Clause 3 - Orders in County Court Proceedings
Violent Crime Reduction Bill
4:41 pm

Humfrey Malins (Shadow Minister, (Assisted By Shadow Law Officers); Woking, Conservative)
I shuddered when I read clause 3, which relates to county court proceedings, because we all know that such proceedings can last interminably—not just for days but for weeks or months. The approach in such courts seems to be different from that in Crown courts and magistrates courts.

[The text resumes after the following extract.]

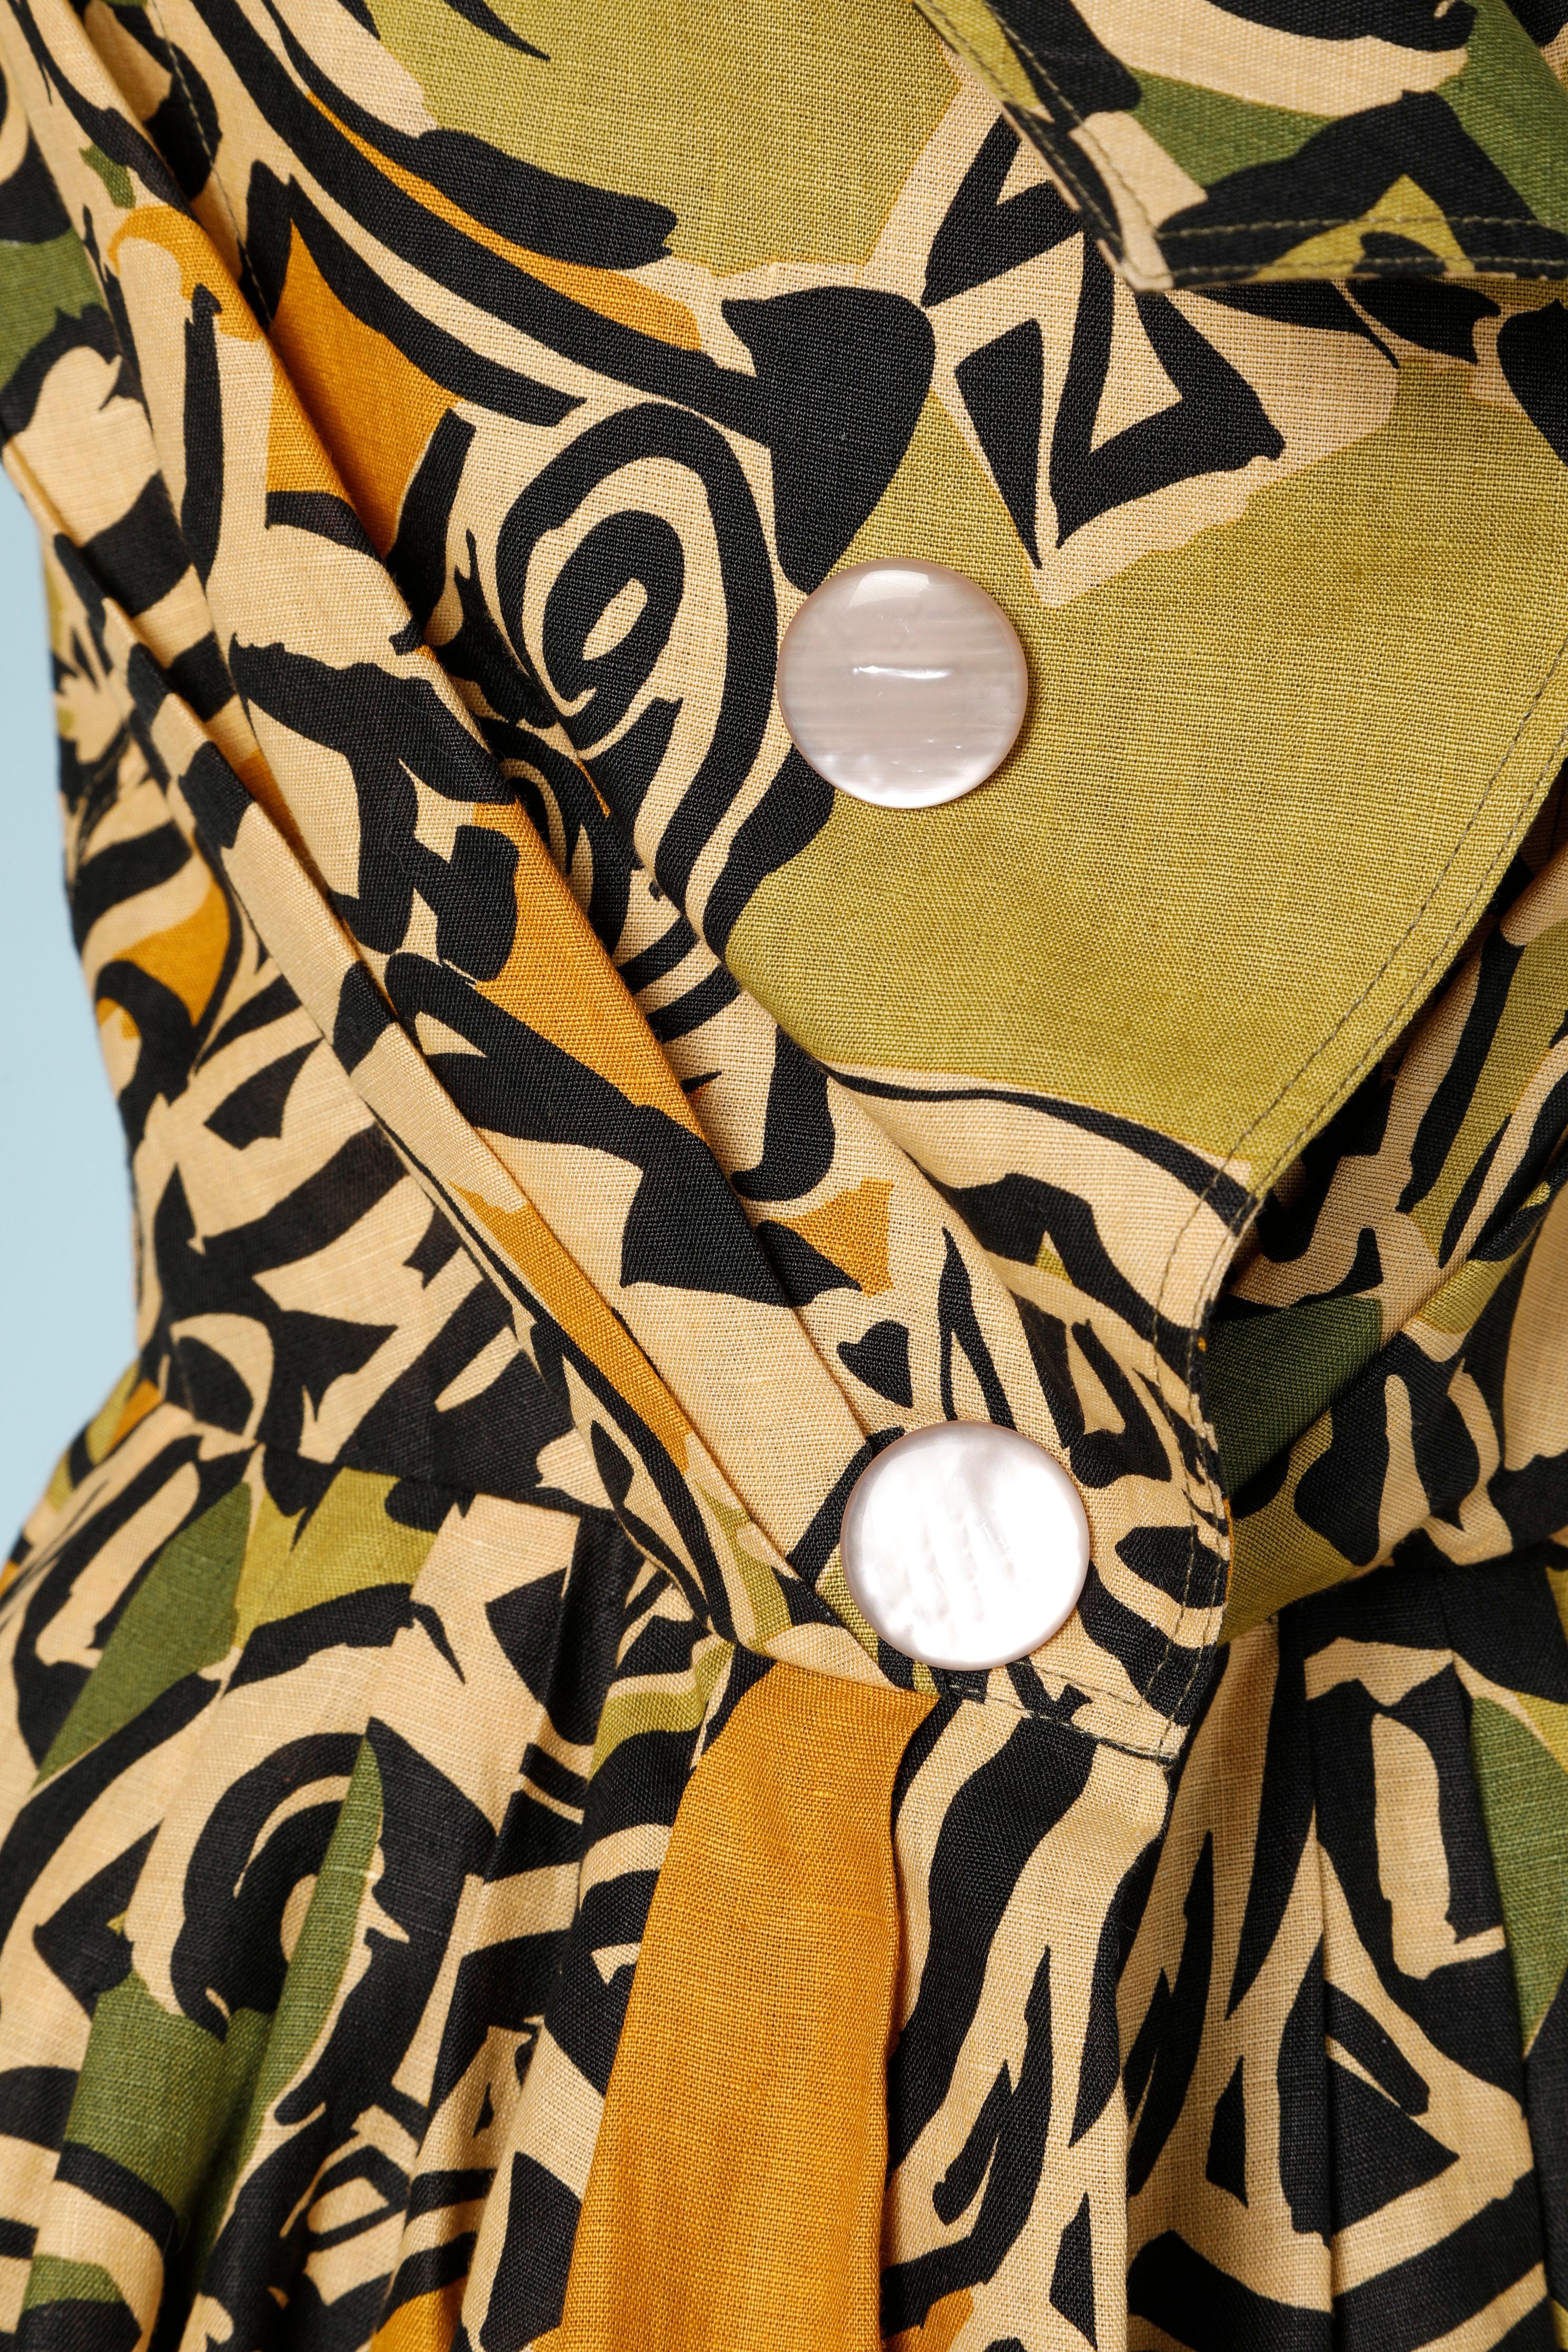 Printed cotton wrap dress in linen, buttoned in the middle front.

The clause provides for somebody who is a relevant authority but not party to the county court proceedings to make an application to be joined to those proceedings in order to apply for a drinking banning order against an individual. The prospect of such an application being heard quickly is remote. Most county courts go into recess over the summer. They do not sit at all in August, and their proceedings drag on not for months but for years. Drinking banning orders, by their very nature, should be sought and imposed with relative speed. After all, if the object is to nip something in the bud, we do not want to wait until the bud has grown, turned into a flower and dropped off the branch. My amendment, therefore, aims to ensure that the county court judge hears the application quickly, rather than permitting it to be made and listed for 56 days hence, and then agreeing to an adjournment at the request of the respondent to the application for a further 56 days. Look what happens, then: months later, there is no progress at all.
Amendment No. 25 refers to clause 9, but it has been linked to this clause because it relates to appeals. I am not sure whether it is sensible to include a county court because one wonders what would happen in relation to a possible appeal by an individual against whom a drinking banning order is made during the course of some form of county court proceedings. That could happen.